Видя все, что происходит в вашей повседневной жизни, вашей повседневной деятельности, — когда вы едите пирог, когда говорите, когда выходите из дому, чтобы куда-то ехать или куда-то идти, или когда гуляете один в лесу, — можете ли вы одним дыханием, единым взглядом увидеть себя таким, каков вы есть? Когда вы увидите себя таким, каков вы есть, вы поймете всю структуру человеческих стремлений, хитрости человека, его лицемерия, его исканий. Чтобы это сделать, вы должны быть абсолютно честным в отношении себя, всего своего существа. Когда вы действуете в соответствии с вашими принципами, вы бываете нечестным, ибо если вы действуете, исходя из того, чем, по-вашему, вам следовало бы быть, вы оказываетесь не тем, что вы есть. Жестокая это вещь — иметь идеалы. Если у вас имеются какие-либо идеалы, верования или принципы, вы не в состоянии видеть себя непосредственно.
Итак, можете ли вы быть полностью в позиции отрицания, совершенно спокойным, когда нет ни мыслей, ни страха, и все же быть необычайно живым, полным страсти?
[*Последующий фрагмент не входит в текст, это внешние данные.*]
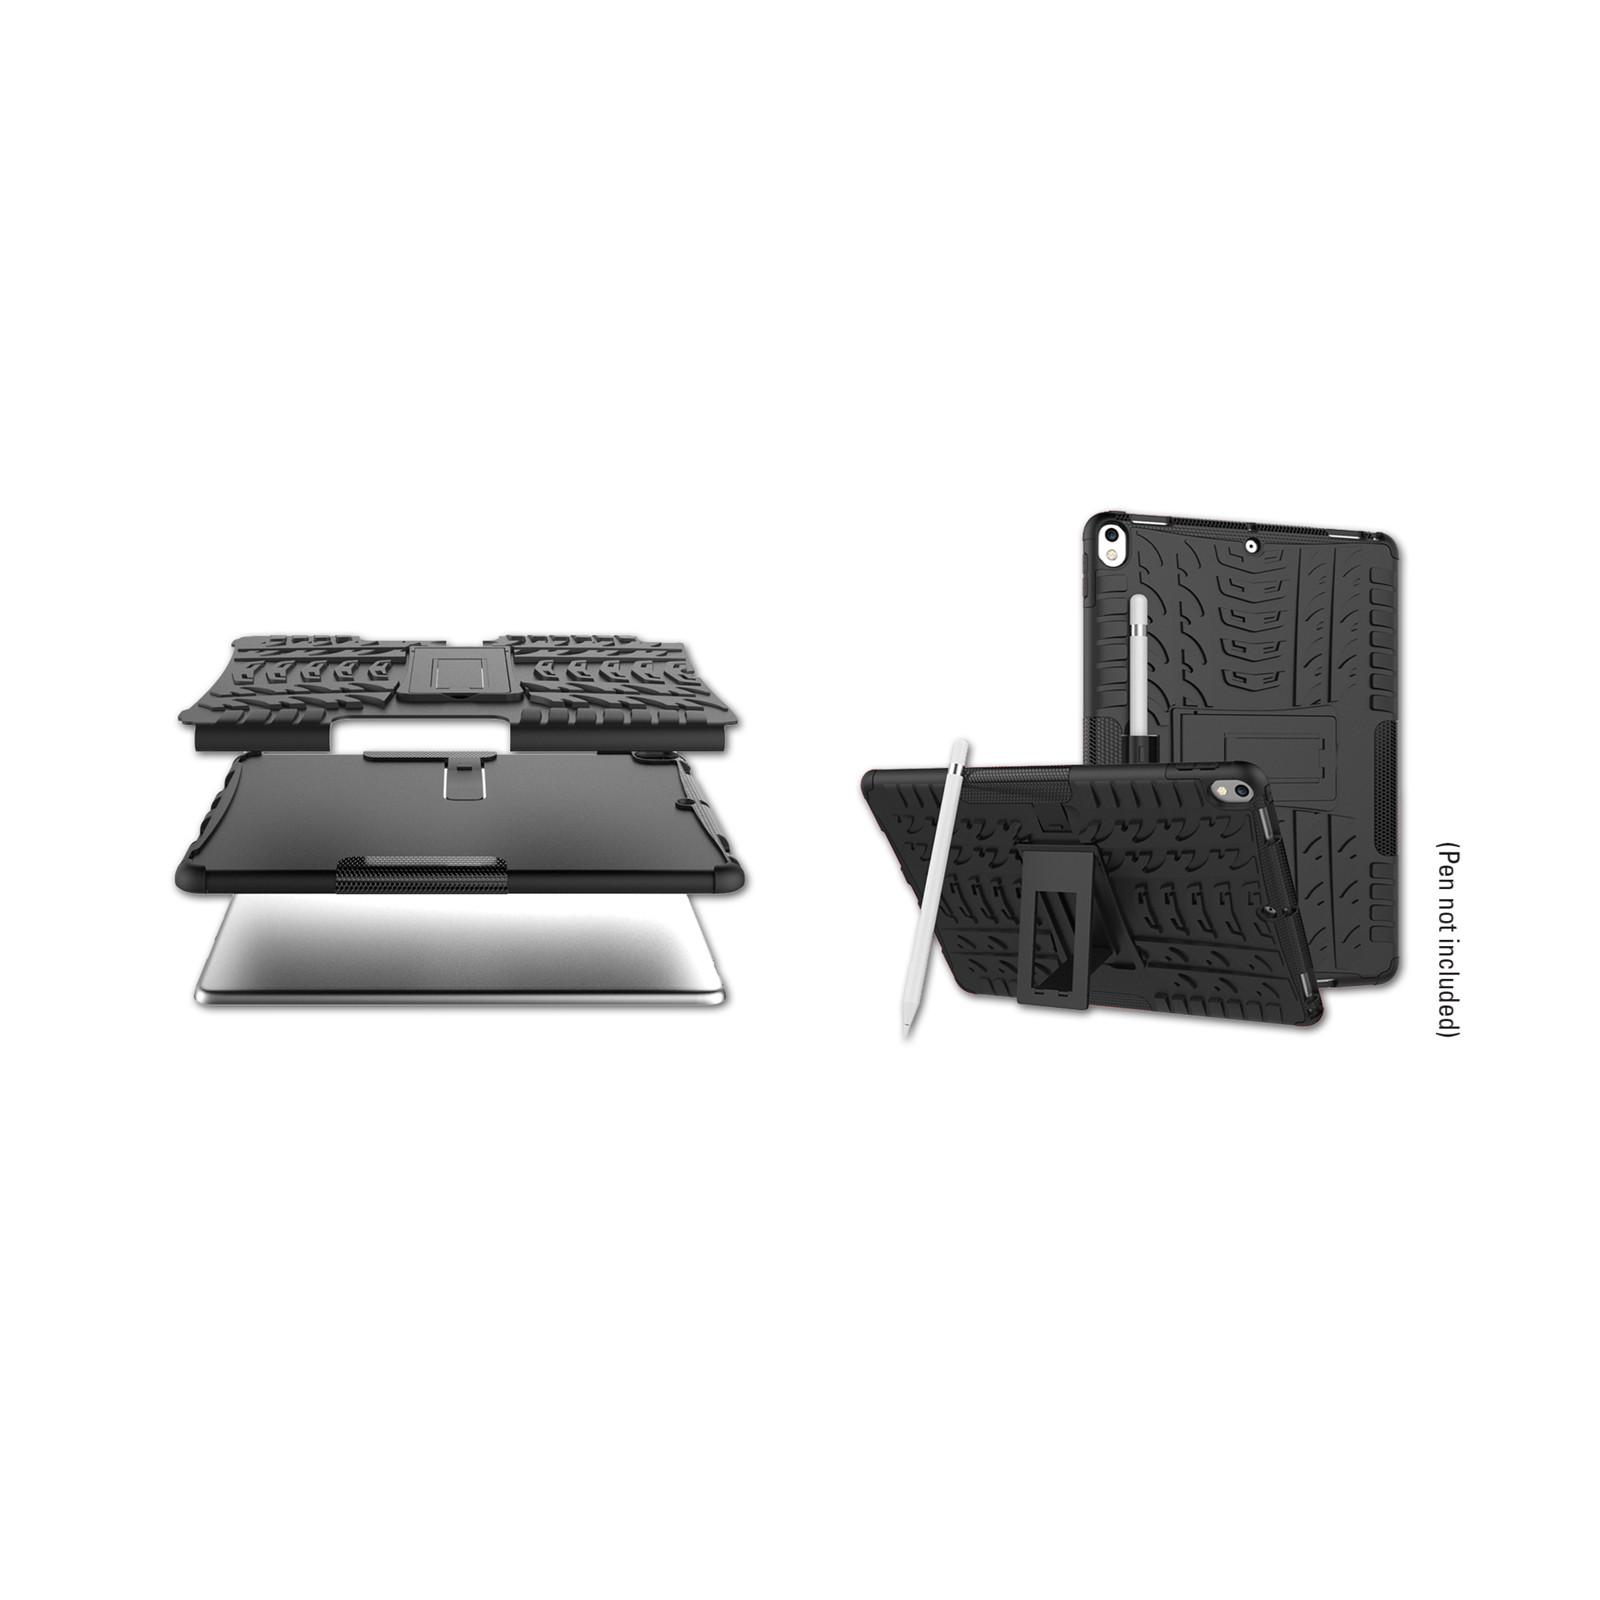 Sandberg iPad Air ActionCase, Black

Ум, находящийся в состоянии, когда нет более ни усилий, ни стремлений, — это истинно религиозный ум. В таком состоянии ума вы можете прийти к тому, что называется «истина» или «реальность», блаженством, богом, красотой и любовью. Это не может прийти по вашему желанию. Прошу вас, поймите этот простой факт. Вы не можете прийти по зову, за ним невозможно гнаться, потому что ваш ум слишком глух, слишком мелок, ваши эмоции слишком убоги, ваш образ жизни слишком хаотичен для этой необъятности, для этого огромного нечто, чтобы пригласить его в ваш маленький дом, в тот крошечный уголок, затоптанный и заплеванный, в котором вы живете. Вы не можете его пригласить. Чтобы его пригласить, вы должны его знать, но знать его вы не можете. Если кто-то, кто бы то ни был, скажет: «Я знаю», в тот момент, когда он это говорит, он не знает. Если в некоторый момент вы утверждаете, что открыли нечто, то вы ничего не открыли. Если вы скажете, что познали это на опыте, то никогда у вас такого опыта не было. Все это пути эксплуатации, использования другого человека — будь я ваш друг или ваш враг — в качестве средства.
И тогда человек задает себе вопрос: «Возможно ли постичь это нечто, не приглашая его, не ожидая, не стремясь, не разведывая, так, чтобы оно пришло само, как дуновение прохладного ветерка в открытое окно?» Вы не можете пригласить ветер, но вы можете оставить окно открытым. Это не означает, будто вы чего-то ждете, ибо ожидание — только одна из форм самообмана. Это не означает, что вы должны как-то раскрыть себя, чтобы воспринимать это нечто; проявилась бы еще одна разновидность мысли.
Не возникал ли у вас когда-нибудь вопрос: «Почему люди лишены этого нечто?» Они рождают детей, испытывают нежность, ощущение, что способны на общение, на совместные переживания в дружбе, в товариществе, но почему им не дано этого нечто? Разве вас никогда случайно не удивляло, когда вы лениво прогуливаетесь по улице, или сидите в автобусе, или проводите свой отпуск на побережье, или гуляете в лесу, полном птиц, деревьев, ручьев, диких животных, — разве вам никогда не приходило в голову спросить, почему так получается, что человек, который живет миллионы лет, не приобрел этого нечто, этого необыкновенного неувядающего цветка? Почему все вы, люди, такие способные, хитрые, умные, всегда соревнующиеся, создающие свою изумительную технику, летающие по небу, проникающие под землю и морские глубины, изобретающие необычайный электронный мозг, почему вы лишены того, что единственно имеет значение? Я не знаю, приходилось ли вам когда-либо серьезно задумываться над проблемой, почему ваши сердца пусты?